◆ **GIVEN DATA**
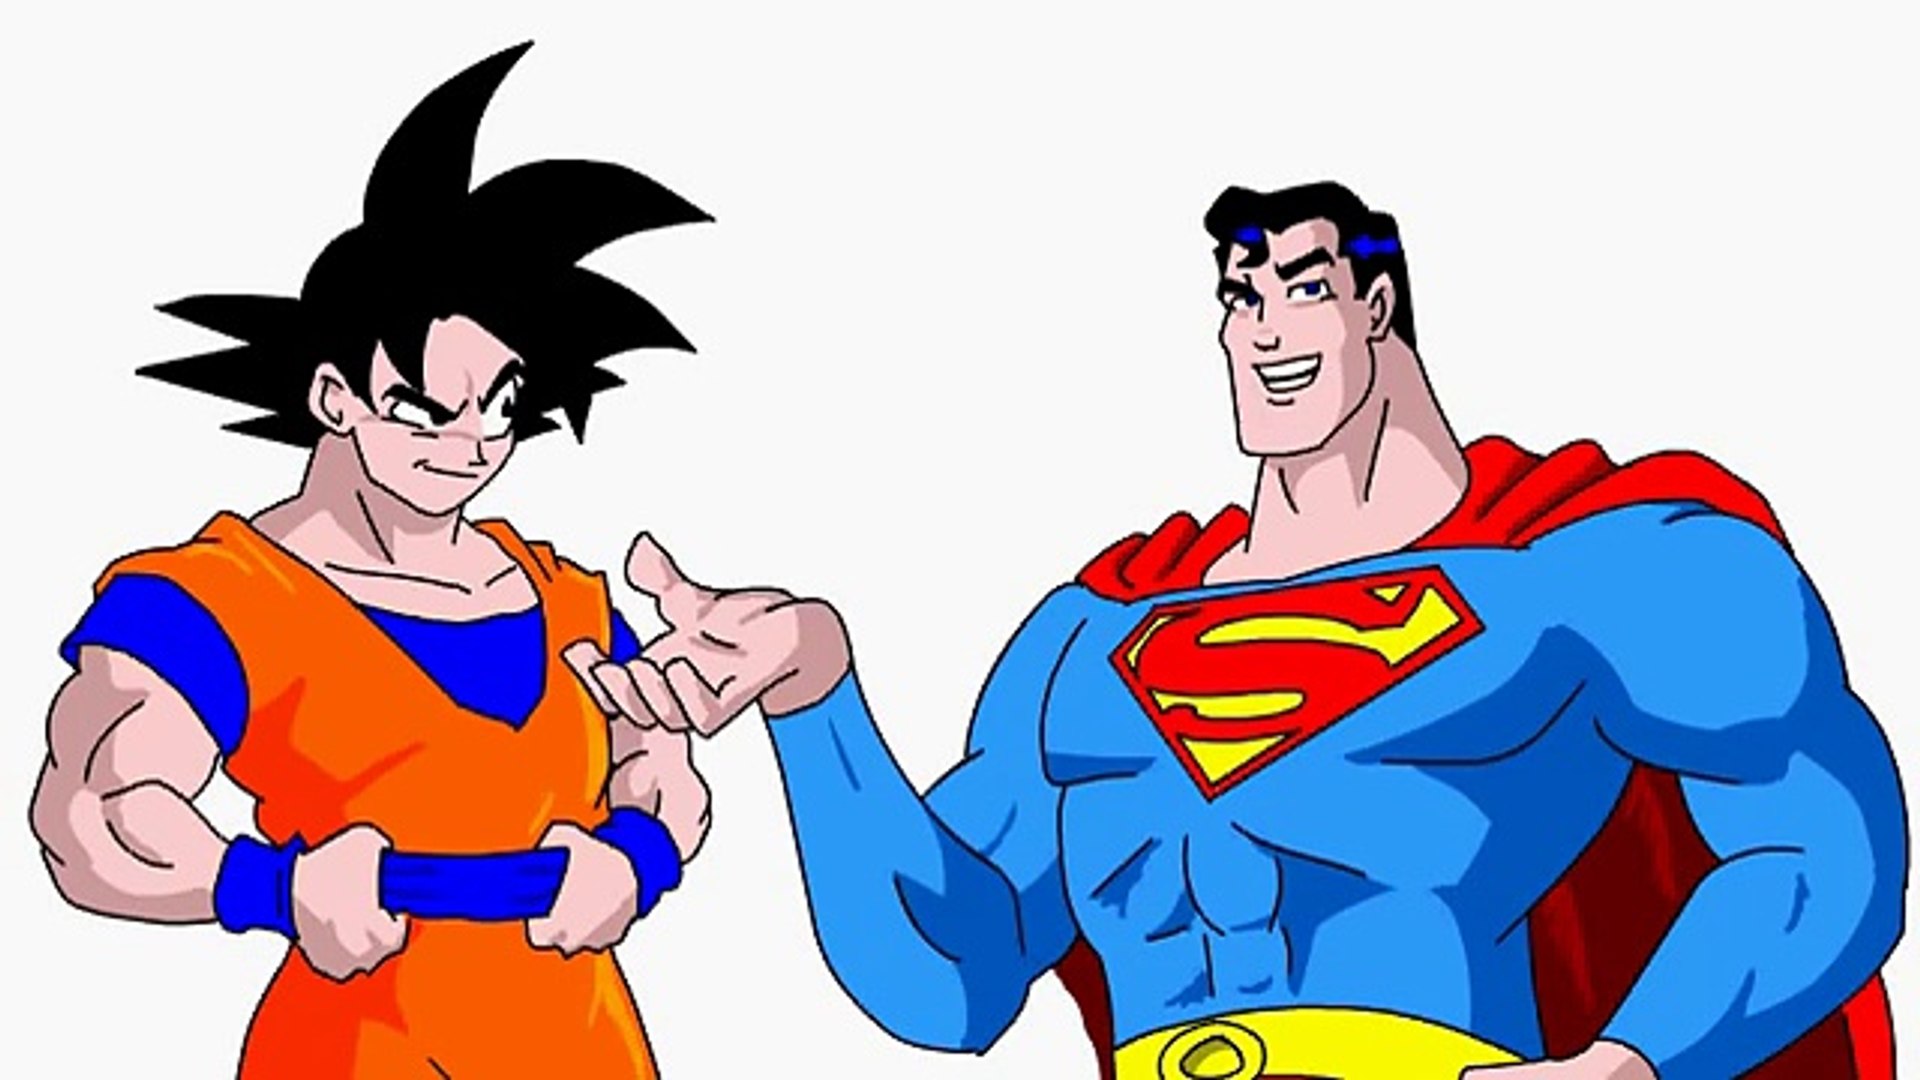 GOKU vs SUPERMAN psa - Dailymotion Video
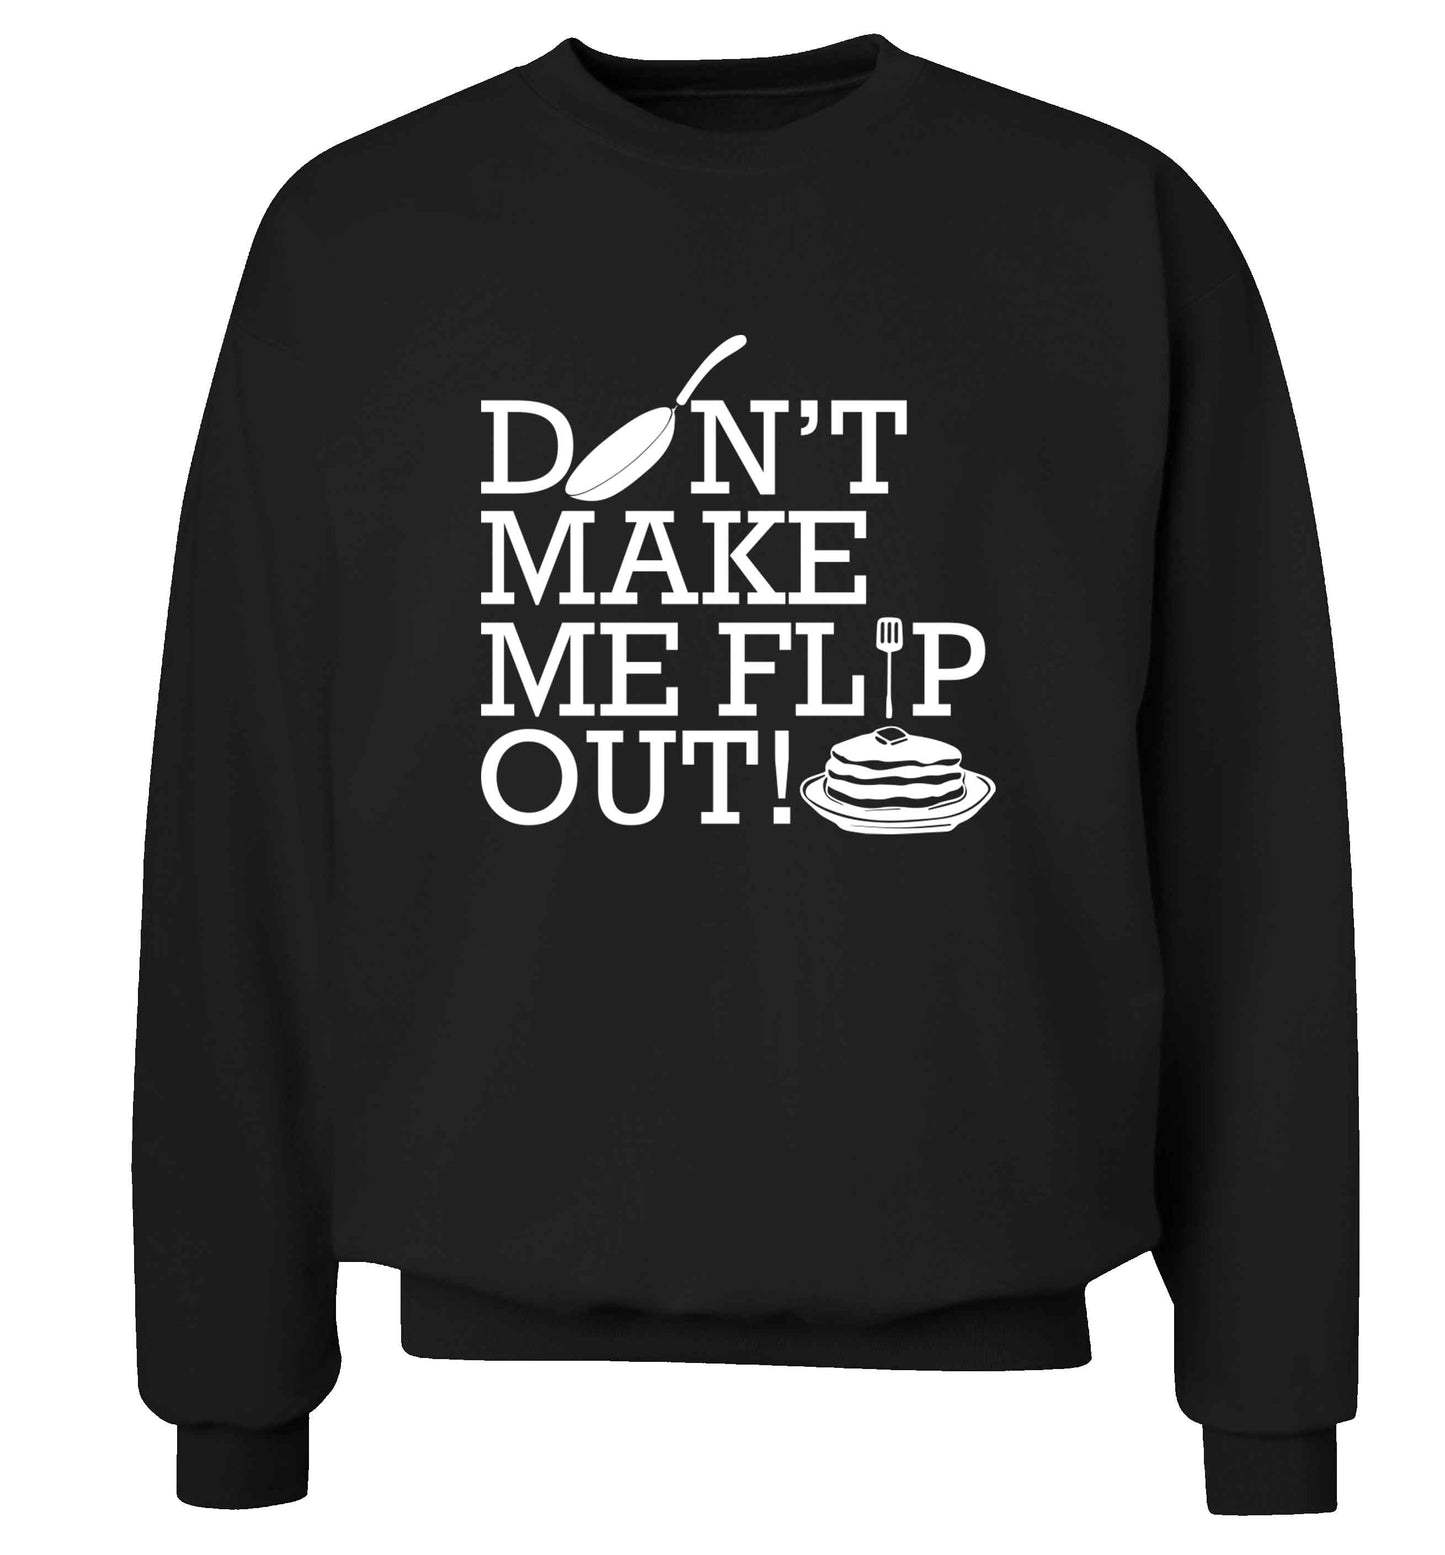 Don't make me flip out adult's unisex black sweater 2XL
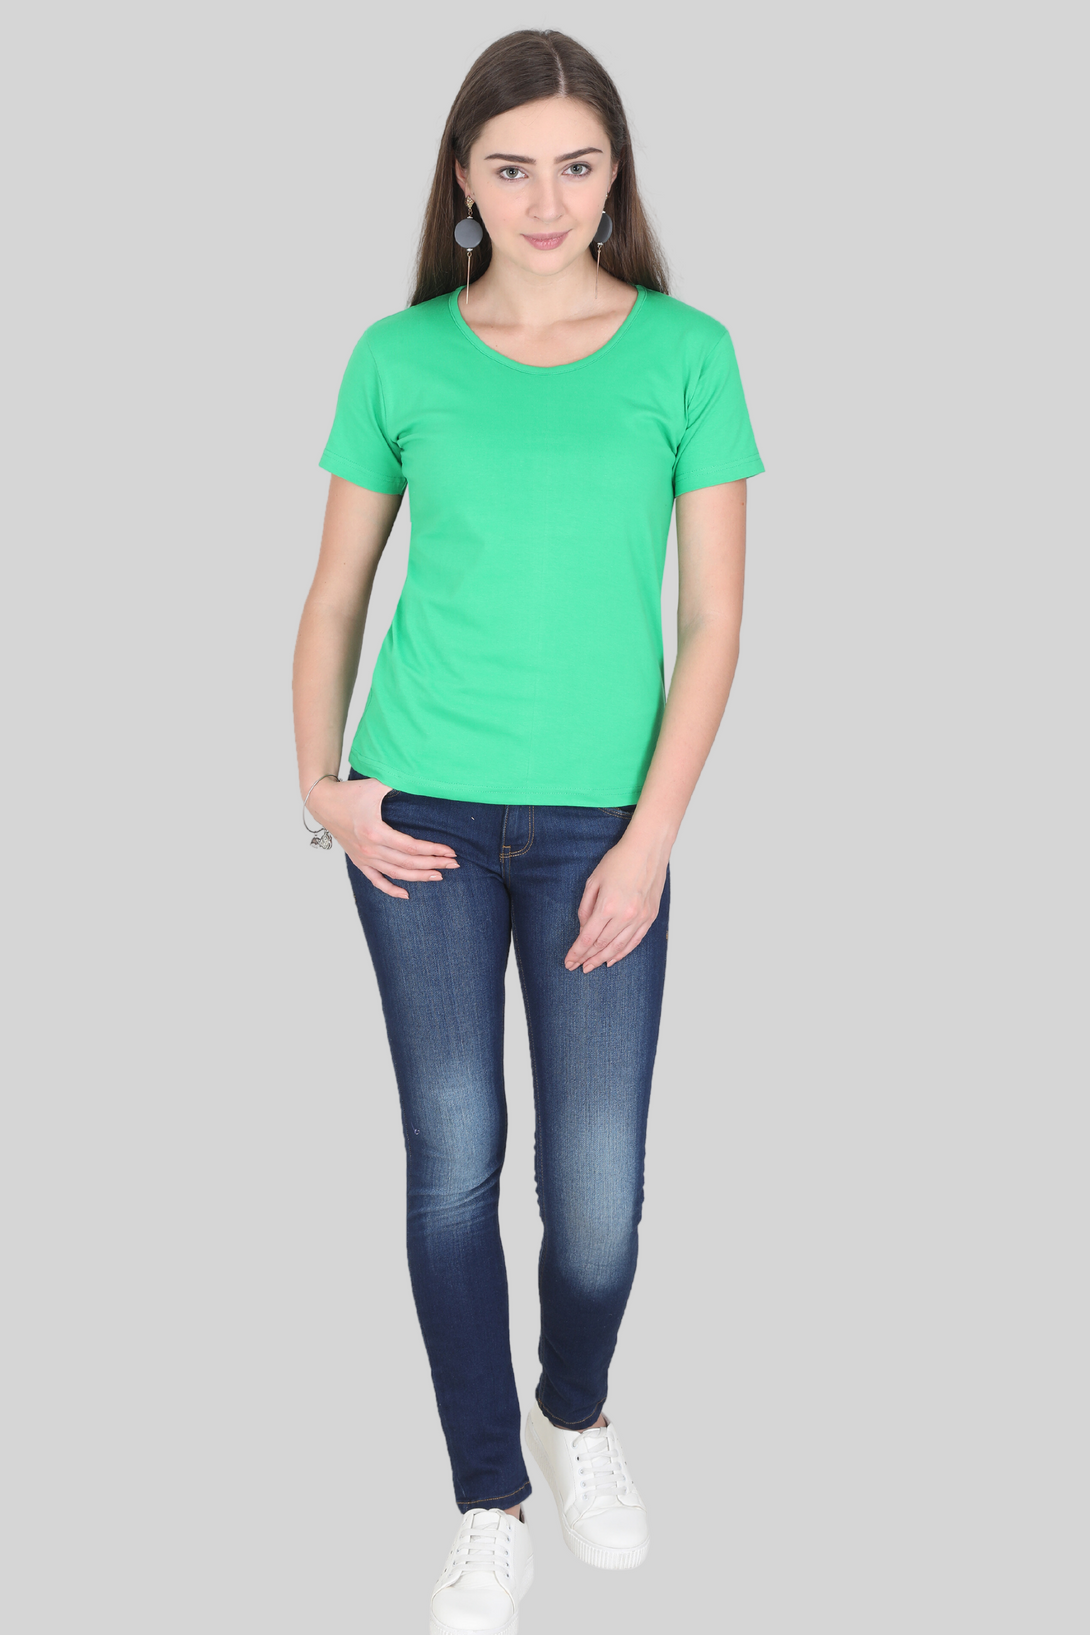 Flag Green Scoop Neck T-Shirt For Women - WowWaves - 6
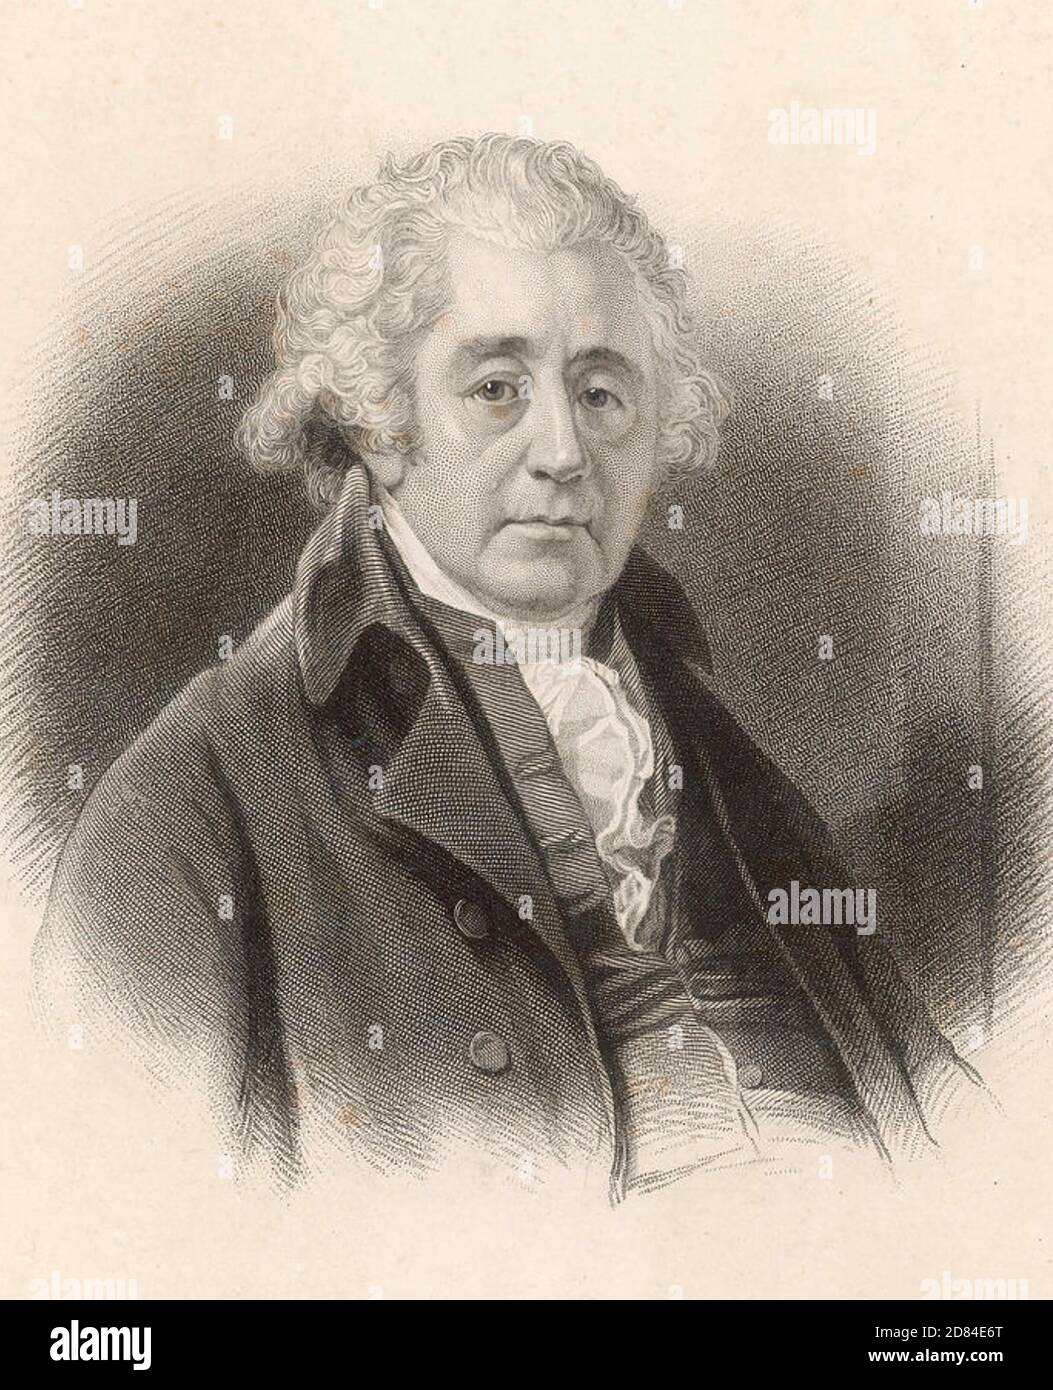 MATTHEW BOULTON (1728-1809) Inglés ingeniero, fabricante, alrededor de 1792 Foto de stock

◆ **TASK PROMPT**
Return, exactly as they stand, all of the lines above, but not the pictures.

◆ **SOLUTION TO THE PROBLEM**
 GOKU vs SUPERMAN psa - Dailymotion Video
 Don't make me flip out adult's unisex black sweater 2XL
 Flag Green Scoop Neck T-Shirt For Women - WowWaves - 6
 MATTHEW BOULTON (1728-1809) Inglés ingeniero, fabricante, alrededor de 1792 Foto de stock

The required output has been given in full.